Description of problem: The test failure in #9255 showed that there is some race already in WAL replay even without snapshots. The race can also be detected in release-2.29 branch. This PR shows a unit test that can reproduce it. Version-Release number of selected component (if applicable): 2.29.1 How reproducible: Steps to Reproduce: 1. 2. 3. Actual results: Expected results: Additional info: Update to 2.29.2 carries the fix.

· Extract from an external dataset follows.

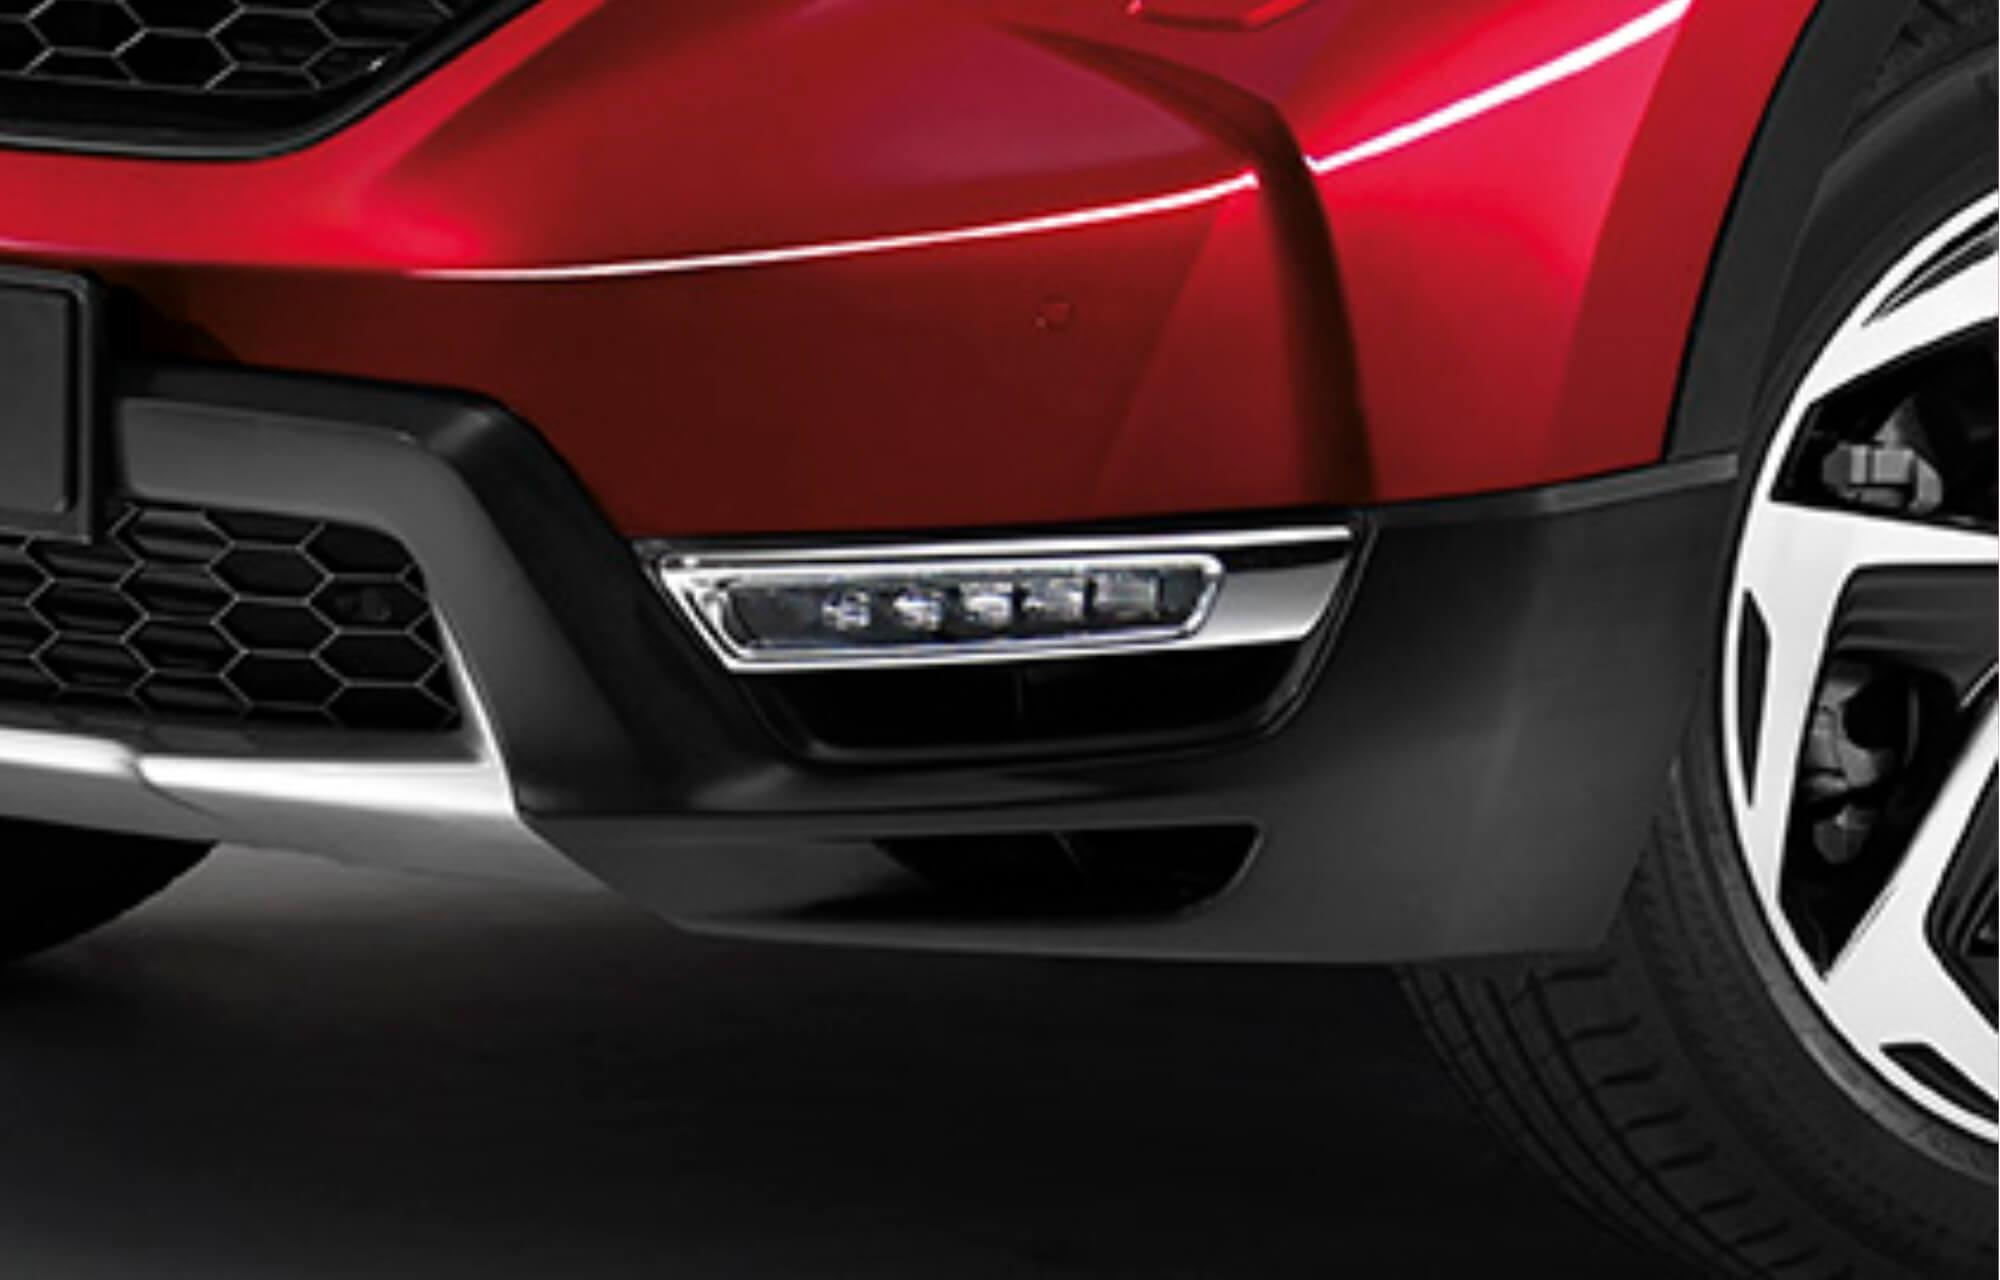 CR-V Front Fog Lights
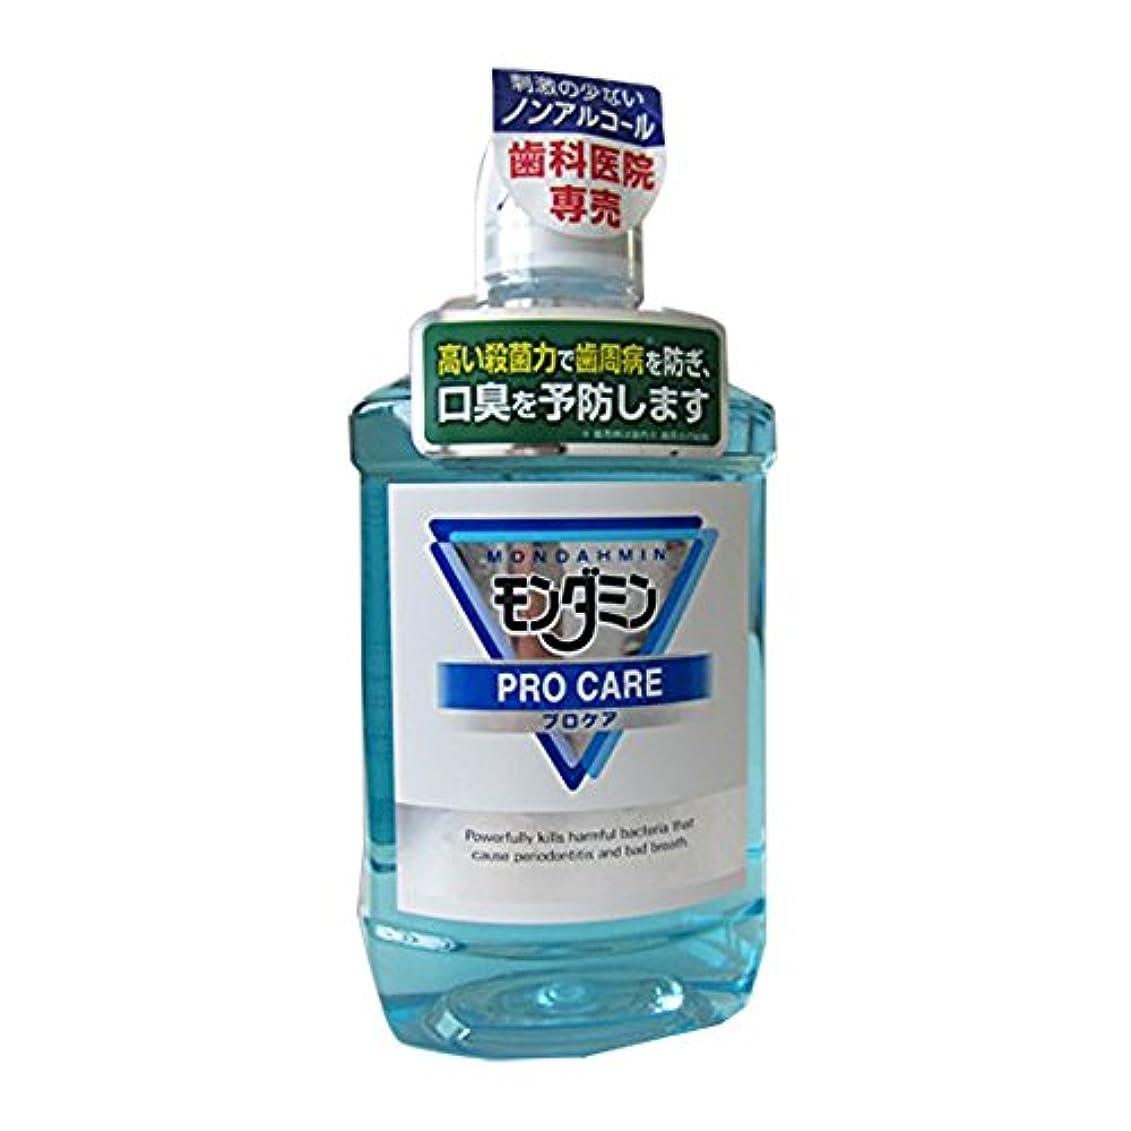 どっち遠征シャワーモンダミン モンダミン プロケア 1000ml ボトル 液体歯磨き単品

*** Bug 1999580 has been marked as a duplicate of this bug. ***
checked with 4.9.0-0.nightly-2021-08-31-123131, prometheus version is 2.29.2 # oc -n openshift-monitoring logs -c prometheus prometheus-k8s-0 level=info ts=2021-09-01T01:16:01.399Z caller=main.go:445 msg="Starting Prometheus" version="(version=2.29.2, branch=rhaos-4.9-rhel-8, revision=99e16e81fcaee8ef609985f306aced9a465304ab)" level=info ts=2021-09-01T01:16:01.399Z caller=main.go:450 build_context="(go=go1.16.6, user=root@e5c9e3ac803a, date=20210831-09:46:00)" ... but the related resources version is still 2.29.1, example: # oc -n openshift-monitoring get prometheus k8s -oyaml ... labels: app.kubernetes.io/component: prometheus app.kubernetes.io/name: prometheus app.kubernetes.io/part-of: openshift-monitoring app.kubernetes.io/version: 2.29.1 prometheus: k8s name: k8s
(In reply to Junqi Zhao from comment #6) > checked with 4.9.0-0.nightly-2021-08-31-123131, prometheus version is 2.29.2 > # oc -n openshift-monitoring logs -c prometheus prometheus-k8s-0 > level=info ts=2021-09-01T01:16:01.399Z caller=main.go:445 msg="Starting > Prometheus" version="(version=2.29.2, branch=rhaos-4.9-rhel-8, > revision=99e16e81fcaee8ef609985f306aced9a465304ab)" > level=info ts=2021-09-01T01:16:01.399Z caller=main.go:450 > build_context="(go=go1.16.6, user=root@e5c9e3ac803a, date=20210831-09:46:00)" > ... > > but the related resources version is still 2.29.1, example: > # oc -n openshift-monitoring get prometheus k8s -oyaml > ... > labels: > app.kubernetes.io/component: prometheus > app.kubernetes.io/name: prometheus > app.kubernetes.io/part-of: openshift-monitoring > app.kubernetes.io/version: 2.29.1 > prometheus: k8s > name: k8s Yes that is expected. The CMO asset sync is in PR https://github.com/openshift/cluster-monitoring-operator/pull/1353 and should fix this. It is now also linked with this bug.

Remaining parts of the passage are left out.